Preparedness support and mutual assistance

Topic description

ExpectedOutcome:

• preparedness support services
• threat assessment and risk assessment services
• risk monitoring services
• mutual assistance among Member States

This mechanism aims to complement and not duplicate efforts by Member States and those at Union level to increase the level of protection and resilience to cyber threats, by assisting Member States in their efforts to improve the preparedness for cyber threats and incidents by providing them with knowledge and expertise.

The mechanism should also support mutual assistance between Member States for both preparedness and incident response actions.

The provision of preparedness support services (ex-ante) shall include activities listed below:

1. Support for testing of essential entities operating critical infrastructure for potential vulnerabilities.

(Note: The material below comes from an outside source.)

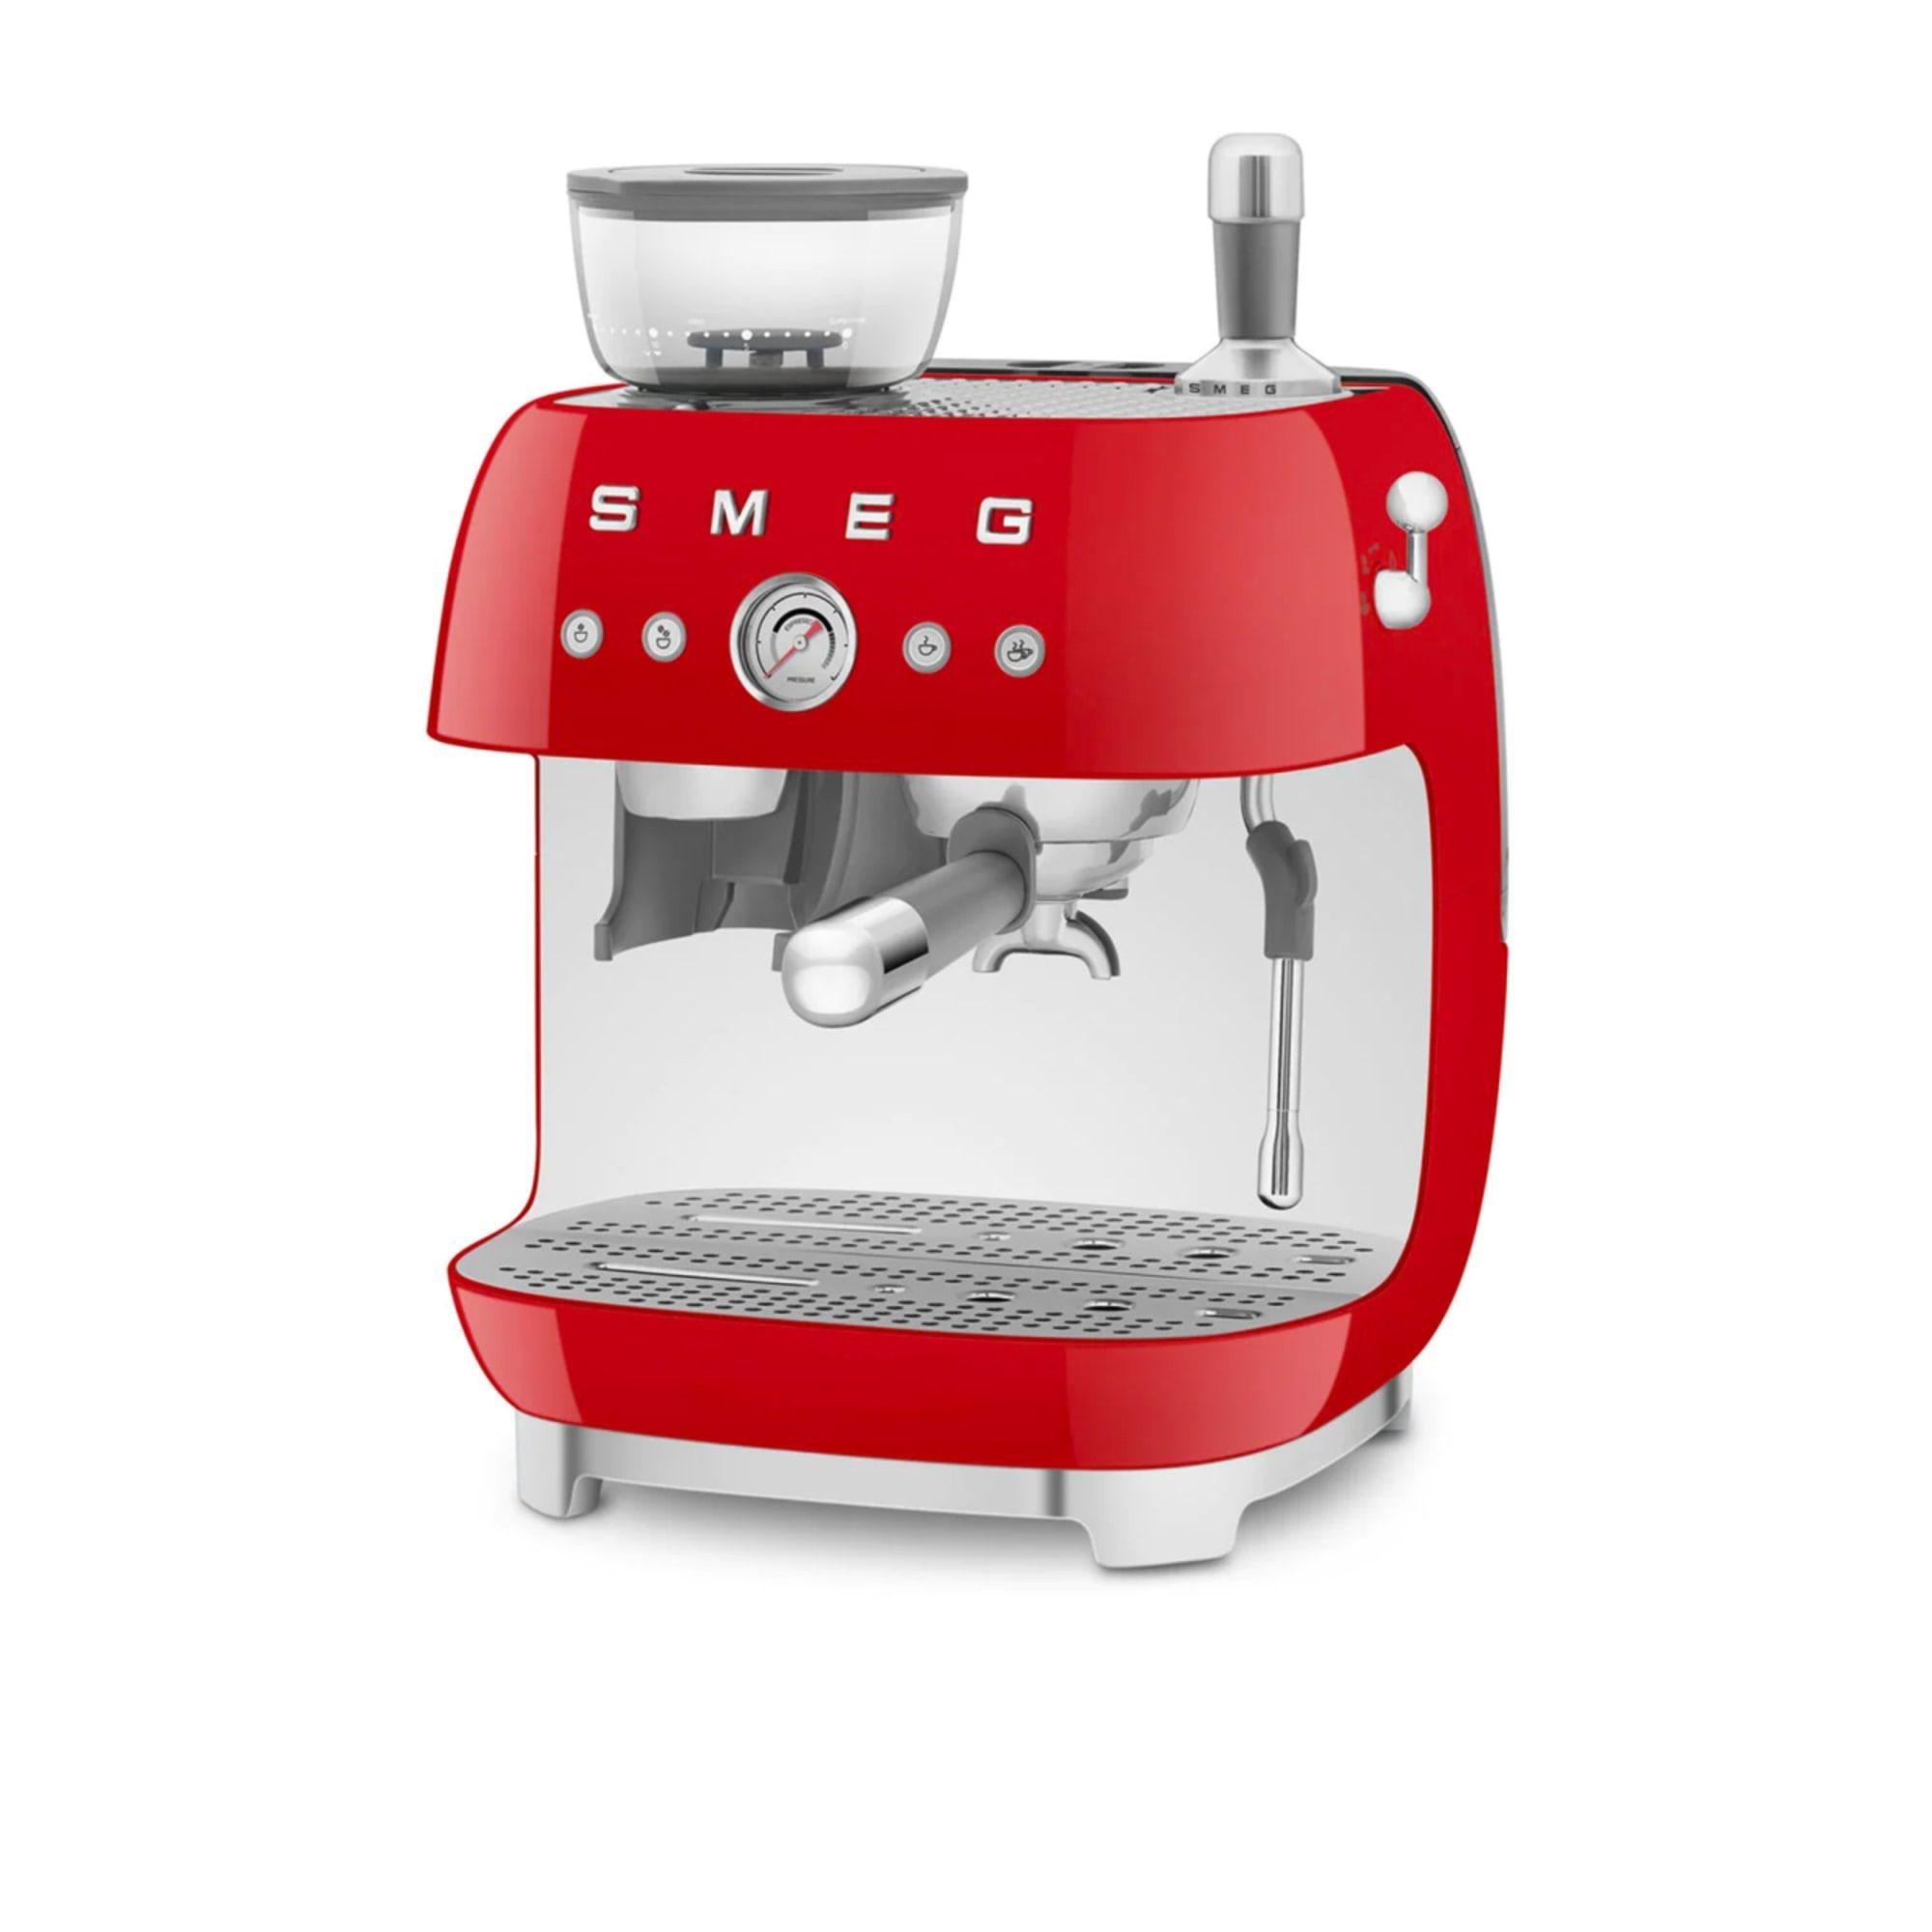 Smeg 50's Retro Style Espresso Machine with Built In Grinder Red Image 4

• Development of penetration testing scenarios for MS cybersecurity infrastructure (including infrastructure of Operators of Essential Services, Digital Service Providers and Governmental entities). The proposed scenarios should cover Networks, Applications, Virtualization solutions, Cloud solutions, Industrial Control systems, and IoT.
• Support for conducting testing of essential entities operating critical infrastructure for potential vulnerabilities.
• Support the deployment of digital tools and infrastructures supporting the execution of testing scenarios and for conducting exercises such as the development of standardised cyber-ranges or other testing facilities, able to mimic features of critical sectors (e.g., energy sector, transport sector etc.) to facilitate the execution of cyber-exercises, in particular within cross-border scenarios where relevant.
• Evaluation and/or testing of MS cybersecurity capabilities (including capabilities to prevent, detect and respond to incidents).
• Consulting services, providing recommendations on how to improve infrastructure security and capabilities.

1. Support for threat assessment and risk assessment.

• Threat Assessment process implementation and life cycle.
• Customised risk scenarios analysis.

1. Risk monitoring service.

• Specific continuous risk monitoring such as attack surface monitoring, risk monitoring of assets and vulnerabilities.

Preparedness actions should benefit entities in NIS2 (Directive (EU) 2022/2555) sectors (e.g., energy, transport, banking…) and entities in other relevant sectors, as well as including SMEs and start-ups. Also within scope are actions for mutual assistance among Member States, i.e., tailored and targeted short-term assistance upon request and depending on the specific needs arising from an incident.